The younger half-brother of Negro Leagues legend and founder Andrew “Rube” Foster, Bill Foster was a lanky Negro League southpaw. Considered by many the best lefty in the league, Foster played from 1923-37.
His repertoire was vast. Armed with a firm fastball, his changeup from same release point was devastating. Scouts said Foster’s curve, slider, and sinker were also plus pitches.
Foster’s pitched his brother’s Chicago American Giants to the pennant in 1926, 1927, and 1933. He was at his finest in the ’26 National Negro League World Series. He pitched three complete games including a shutout. Over 28 1/3 innings his ERA in the ’26 World Series was 1.27.
Foster also holds the distinction of going the distance to earn the first win in the first East-West All-Star Game. He was at his best when pitching against the best.

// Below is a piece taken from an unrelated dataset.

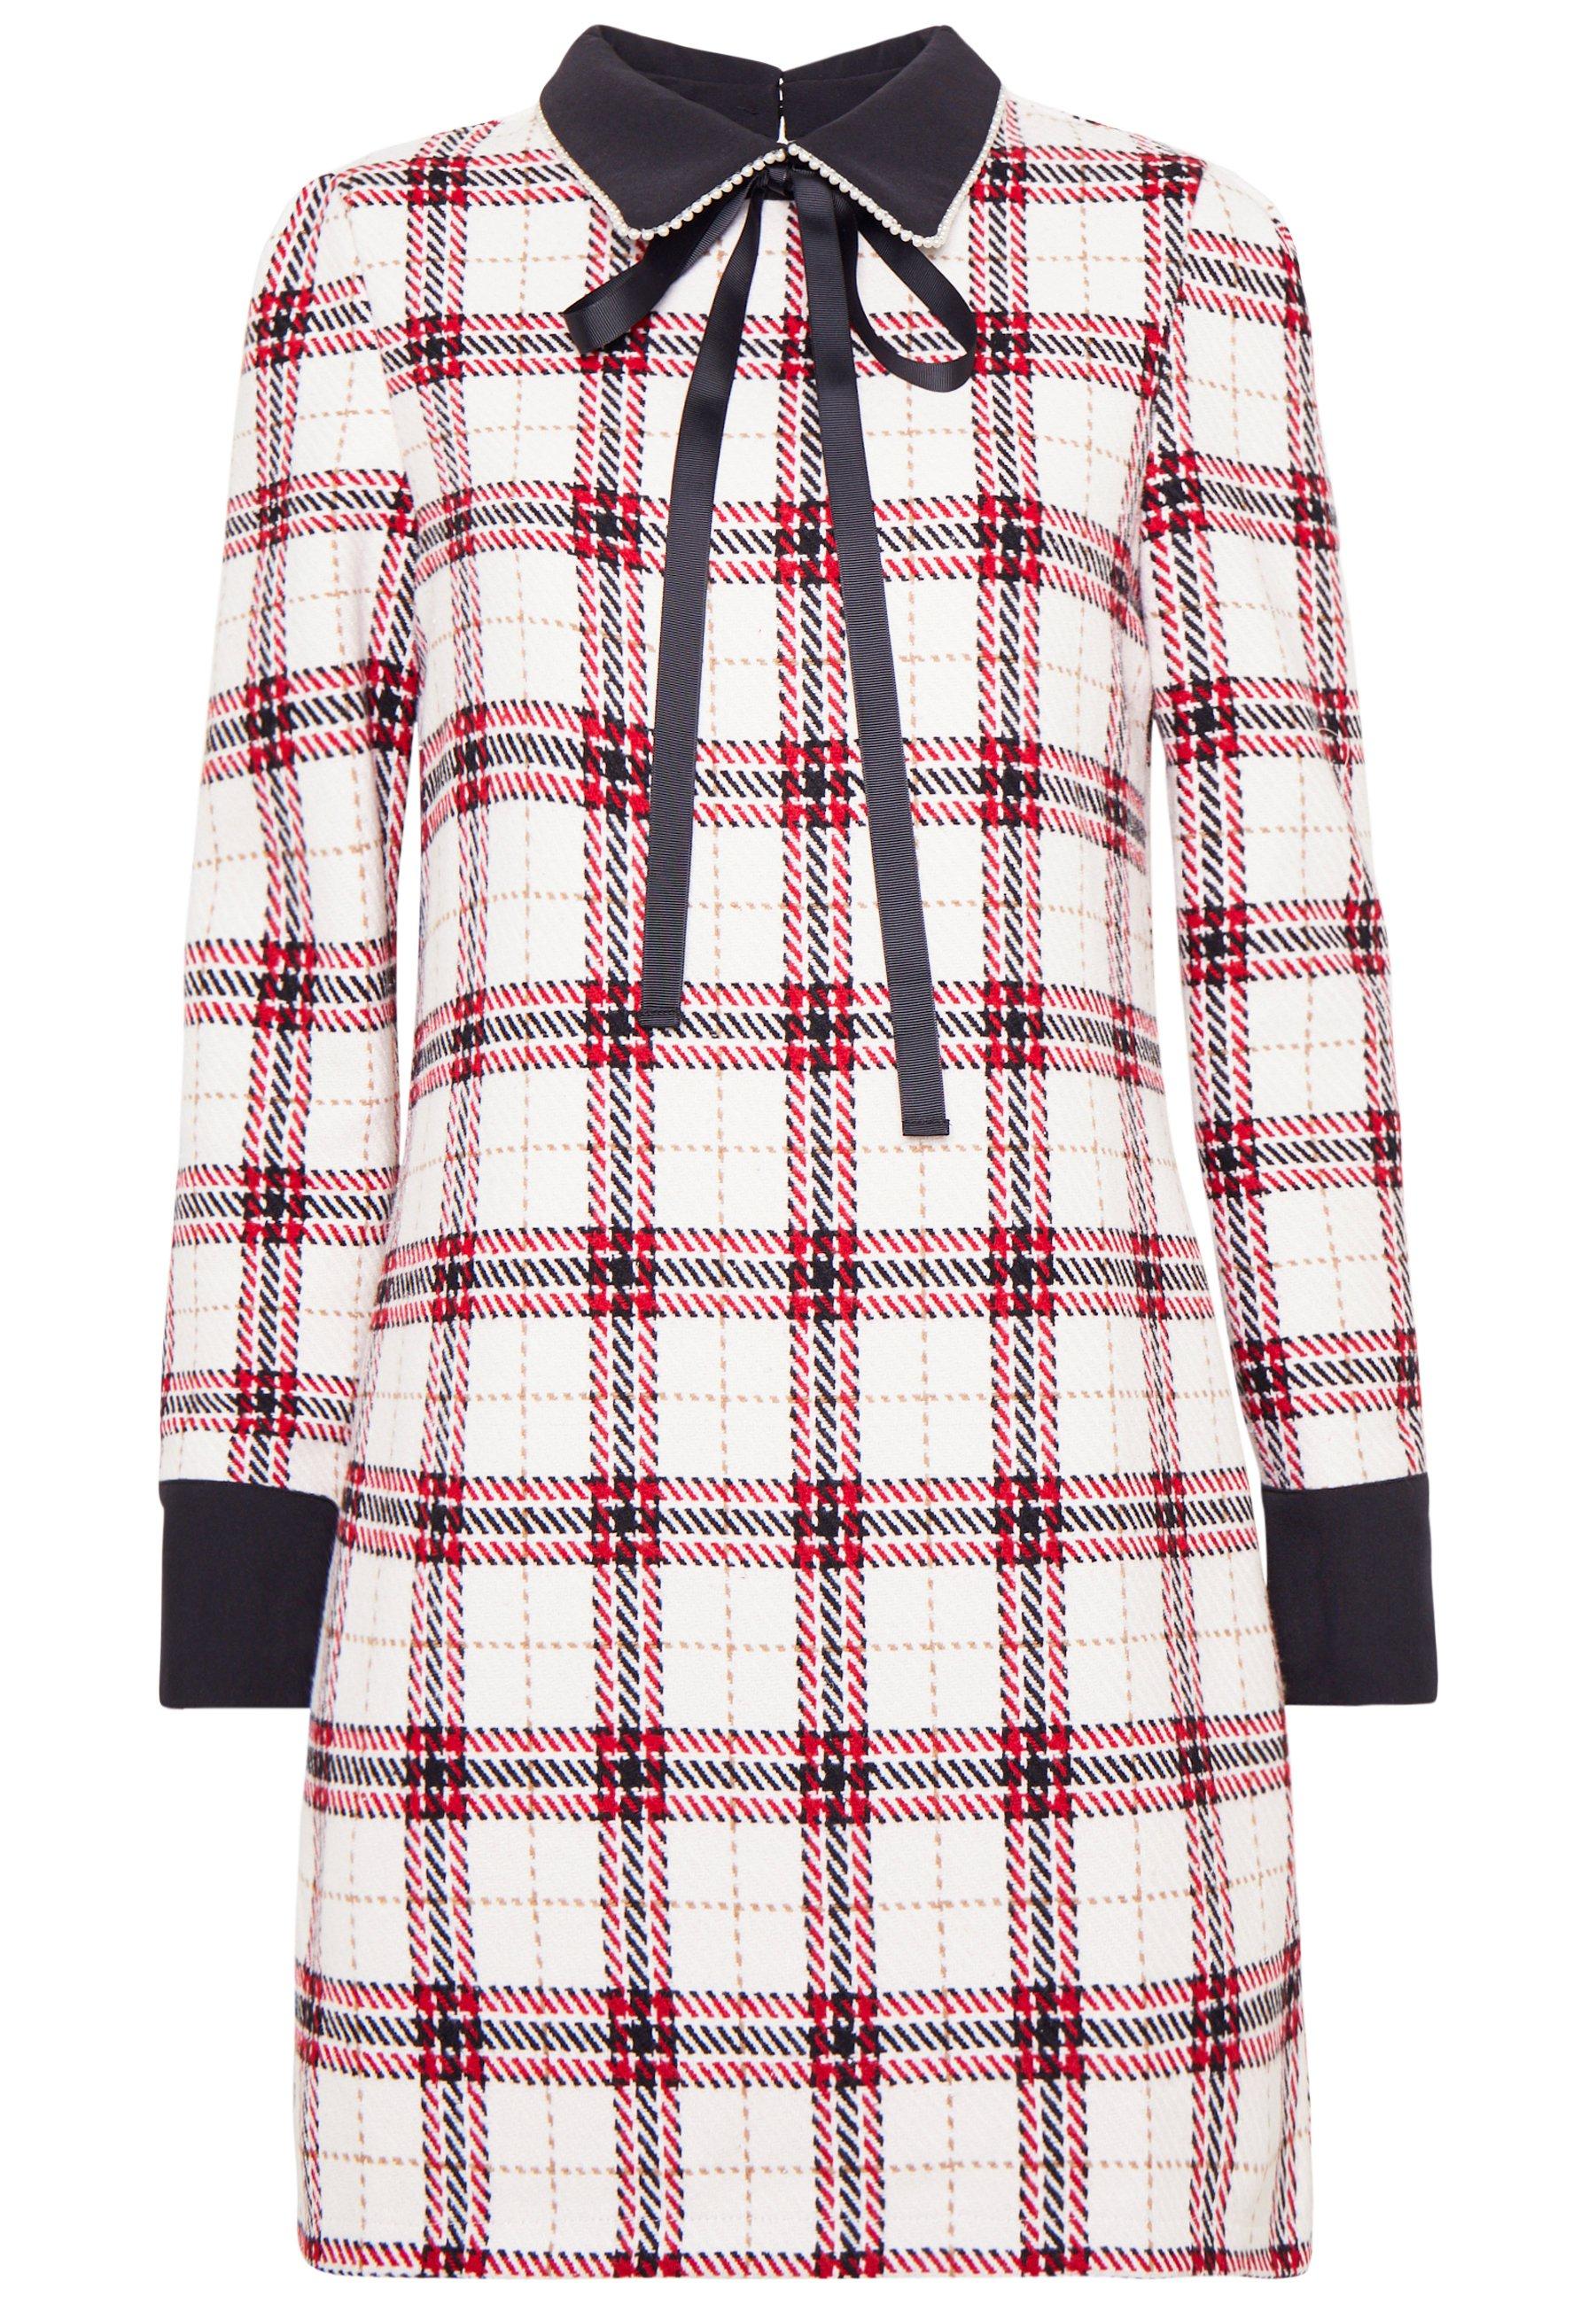 Sister Jane Courtly Check Rabbit Dress - Fodralklänning Multi

According to BaseballReference.com, Foster’s career stats include a 110-56 record, 127 complete games, 31 shutouts, and 2.63 ERA. After his retirement from his playing days Foster was the head baseball coach at Alcorn State College for 19 years. He passed away in 1978 and was posthumously inducted into Cooperstown in 1996.
In the collection is an insurance card filled out and signed by Foster who died in 1978, long before interest in the Negro Leagues was revitalized.